Abstract

Banking regulation, including corporate governance in banking, needs to strike a balance between the costs and benefits of regulatory intervention. This chapter aims at extending the theoretical base for the cost-benefit trade-off in bank governance regulation by providing a law and economics framework of how banks interact with listed non-financial firms in view of the modern financial intermediation literature. To this end, the chapter first takes up a qualitative analysis of the tension underlying governance regulation of banks by referring to the post-crisis regulatory measures in the European Union as an example. Subsequently, the chapter uses agency theory to investigate banks’ roles for corporate governance of listed non-financial firms. Three qualitative case studies are presented, revealing that banks’ influence over non-financial firms appears to be more multidimensional than commonly considered in the literature.
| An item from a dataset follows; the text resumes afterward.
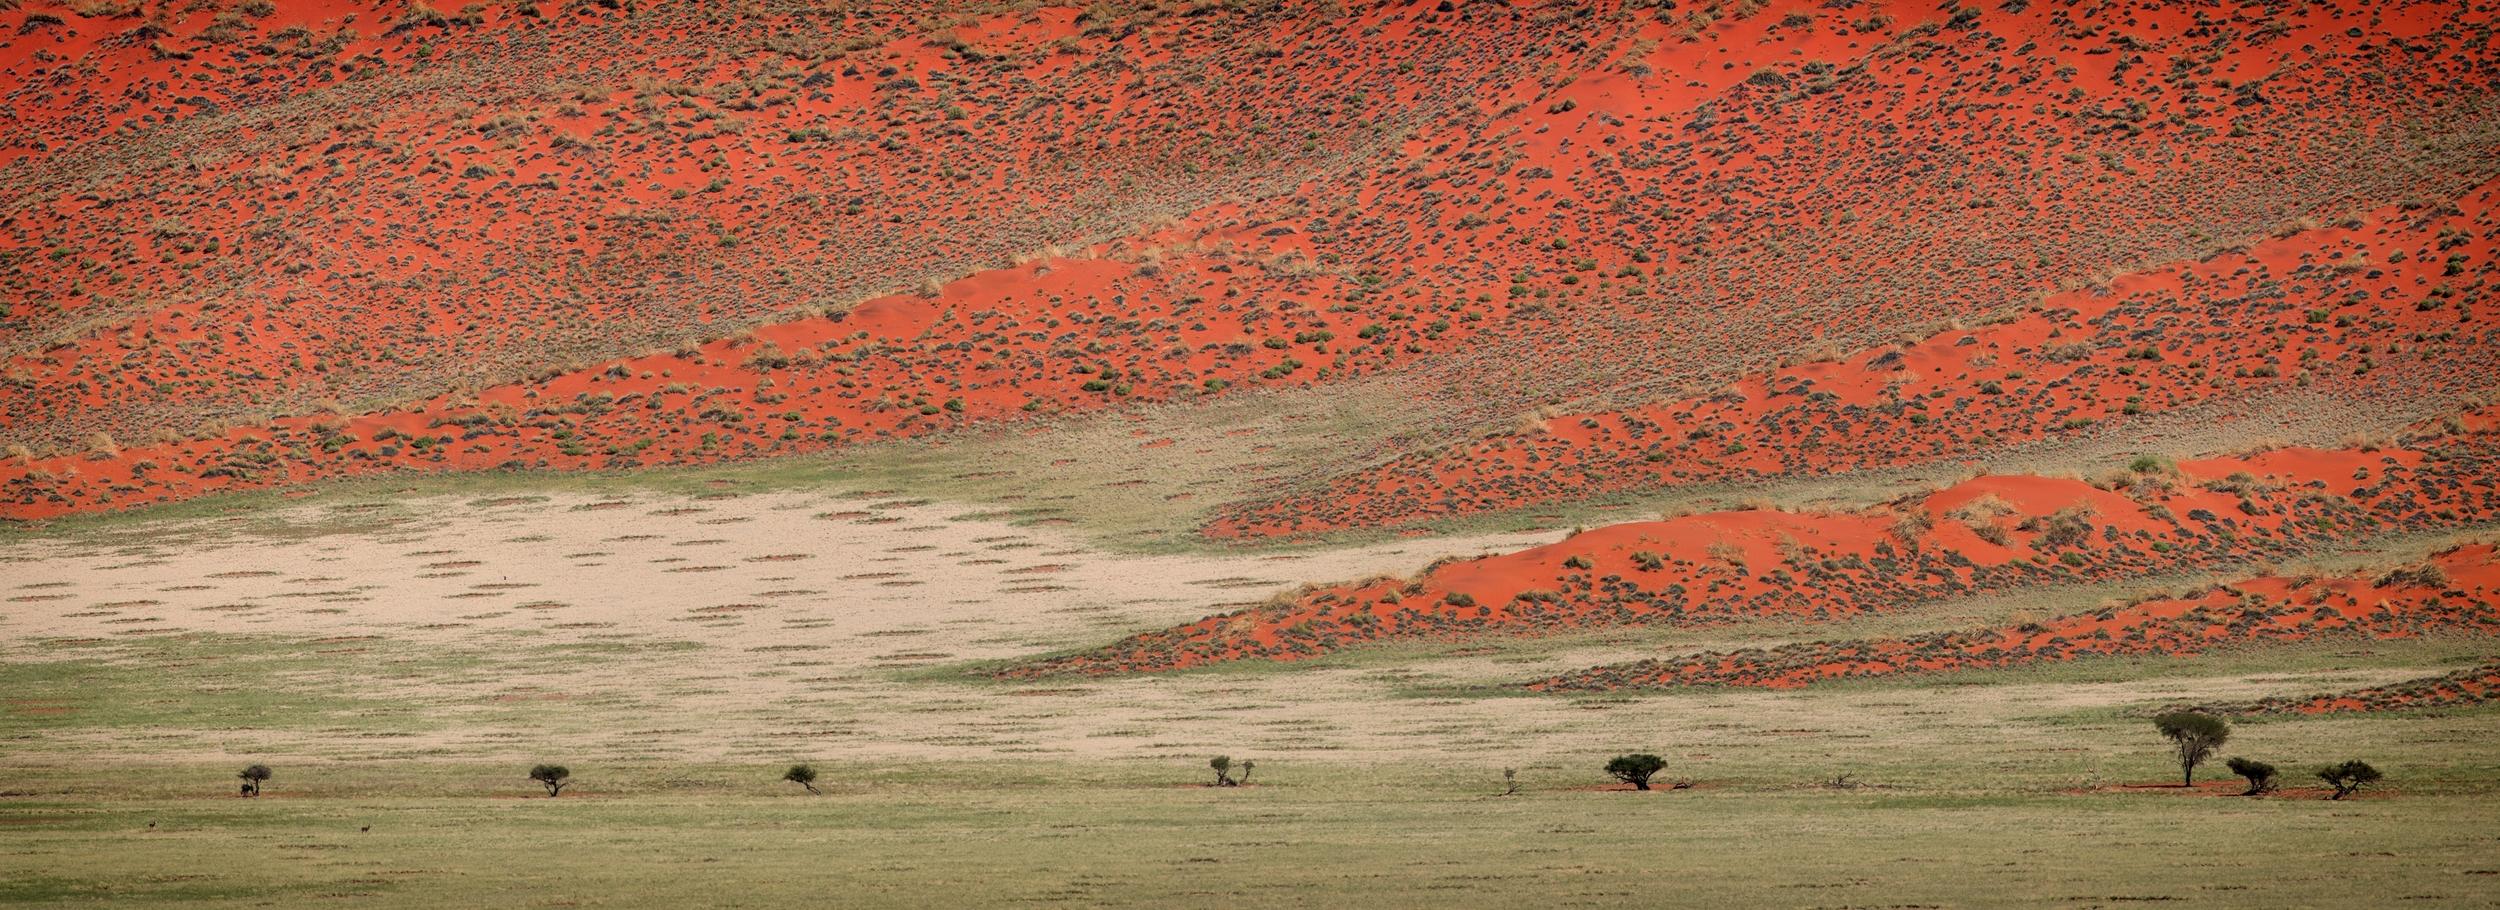 NAMIB RAND, NAMIBIA

Specifically, it is shown that bank monitoring and control can present opportunities as well as challenges for listed non-financial firms by affecting their governance arrangements with implications ranging from day-to-day business operations to fundamental capital market transactions in addition to the distress context. The chapter also discusses the implications of differences in ownership structures and identifies possibilities of bank influence both in concentrated and dispersed ownership contexts. Overall, the findings of this chapter contribute to the debate on the effectiveness of corporate governance in banking by bringing in a largely neglected dimension into the picture and establishing a theoretical basis for an improved balancing act in policymaking.